Camellya était de retour à la maison de confrérie des Malta a Miril. Elle venait de passer quelques jours dans la demeure familiale à regarder sa mère cuisiner en chantonnant, à fumer avec son père sous le ciel étoilé. Elle avait vu comme ses neveux et nièces avaient grandi, comment se portaient les chevaux du haras. Une véritable bouffée d’air, qui avait pourtant ravivé une certaine tristesse chez elle. Elle fit tourner distraitement le diamant autour de son doigt. La pile de courriers et missives sur le bureau la ramena à la réalité. Elle s’installa dans son fauteuil et entreprit de trier les enveloppes selon leur importance.

Le tampon d’Elanorel attira son attention et elle lut cette lettre en premier. Dans un style concis et direct, l’Elfe annonçait que tout était rentré dans l’ordre du côté de Coriolan. Elle sourit. C’était un soulagement. Elle avait bien fait de laisser ses protégées s’en charger sans s’en mêler plus. Elle compila ensuite rapports d’activité, factures, mouvements de l’ennemi. Cela lui prit quelques heures.


Cette corvée achevée, Camellya s’octroya une pause. Elle se leva pour se dégourdir les jambes et se dirigea tout naturellement vers la cheminée. Elle constata que la maison était bien entretenue en son absence. Elle repensa au nouveau bonheur de Coriolan et Yualë. Sa mélancolie se fit plus présente et elle se sentit soudainement écrasée par ses responsabilités et son chagrin.
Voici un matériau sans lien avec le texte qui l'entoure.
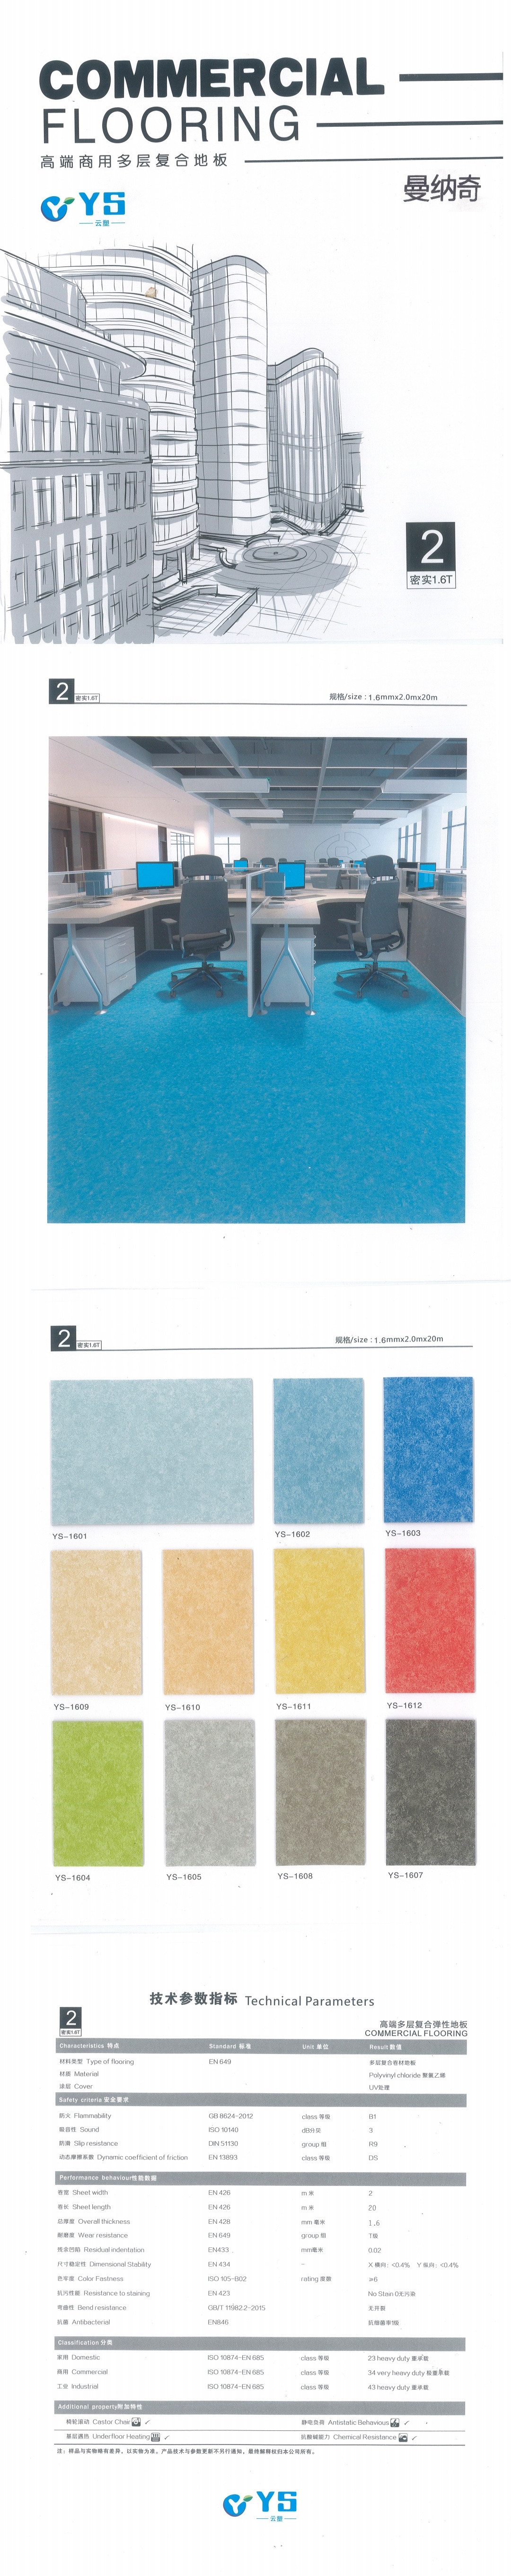 pvc塑胶地板曼纳奇品牌，pvc地板品牌-专业生产厂家示例图2

Son absence lui pesait chaque jour un peu plus, mais elle le laissait rarement paraître. Elle s’accouda à la tablette de la cheminée.


« Myra... »


« Je suis là. »


Une femme légèrement plus vieille que Camellya surgit de nulle part. Elle portait des vêtements sombres, ses cheveux châtains étaient coupés courts, une cicatrice barrait sa joue gauche. Deux dagues luisaient de part et d’autre de sa ceinture.


« Que puis-je pour vous ? », demanda Myralia, qui apporta spontanément un verre de vin à la capitaine.


« A-t-on du nouveau concernant notre affaire ? »


« Ils se dirigeraient vers la Trouée. Dame Renawen est en Enedwaith. Elle les cherche, comme vous le pensiez. »


Et comme je le fais moi-même via mon réseau d’informateurs, pensa Camellya. La Trouée... la Trouée du Rohan. Il avait juré devant elle qu’il n’y retournerait pas. Elle ne lui avait jamais demandé ce serment, il avait pris cette décision de lui-même, les souvenirs qu’il avait laissés là-bas étaient par trop douloureux. Mais elle savait bien qu’un natif du Rohan retournait toujours vers sa terre natale. Allait-elle devoir de nouveau tenter de reconstituer ce cœur brisé ? En aurait-elle la force ?


Elle but quelques gorgées de vin. Depuis combien de temps ne l’avait-elle pas vu ? Plusieurs mois, non, plus que ça, plus d’une année. Son regard, ses gestes, son odeurs, ses mots doux... tout lui manquait cruellement. Son dernier signe de vie remontait à quelque chose comme six mois. Une très courte missive où il lui réaffirmait tout son amour et son attachement. Il n’avait pas besoin de le lui rappeler, car elle n’en avait jamais douté. Camellya regarda son poignet gauche, dans le creux était tatouée une rune. Éternité. Elle soupira.


Myralia percevait le trouble de Camellya. Rien de ce qu’elle pourrait dire ou faire ne la soulagerait.


« Le passage vers le Rohan sera bientôt ouvert. »


« Je sais, Myra, j’ai vu les rapports. »


Elle se sentait si lasse.


« Souhaitez-vous monter une expédition ? »


Camellya hocha la tête.


« Je préviens maître Teil, dans ce cas. »


Myralia prit le silence de Camellya pour une acceptation.


« Je me retire. »


Elle fit une légère révérence et emporta le courrier à poster.


La capitaine resta seule. La nuit était déjà tombée. Qu’est-ce qui le retenait si longtemps et si loin ? Voulait-il retrouver la tombe de sa mère ? Elle s’était juré de ne pas partir à sa recherche, parce qu’elle le respectait et l’aimait trop. Mais cela faisait si longtemps qu’elle ne l’avait vu, alors elle estimait qu’elle avait le droit d’aller à sa rencontre. Si longtemps... Elle ferma les yeux. Elle passa sa main dans le bas de son dos, la rune qui y était ne réagit pas.

Camellya était soulagée en un sens, puisque le petit Elfe était sans aucun doute avec lui. D’un autre côté, Renawen souffrait elle aussi. Elle soupira. Oui, elle irait en Rohan. Oui, elle le retrouverait, tôt ou tard.


« J’arrive, mon amour, attends-moi. », murmura-t-elle à la Lune.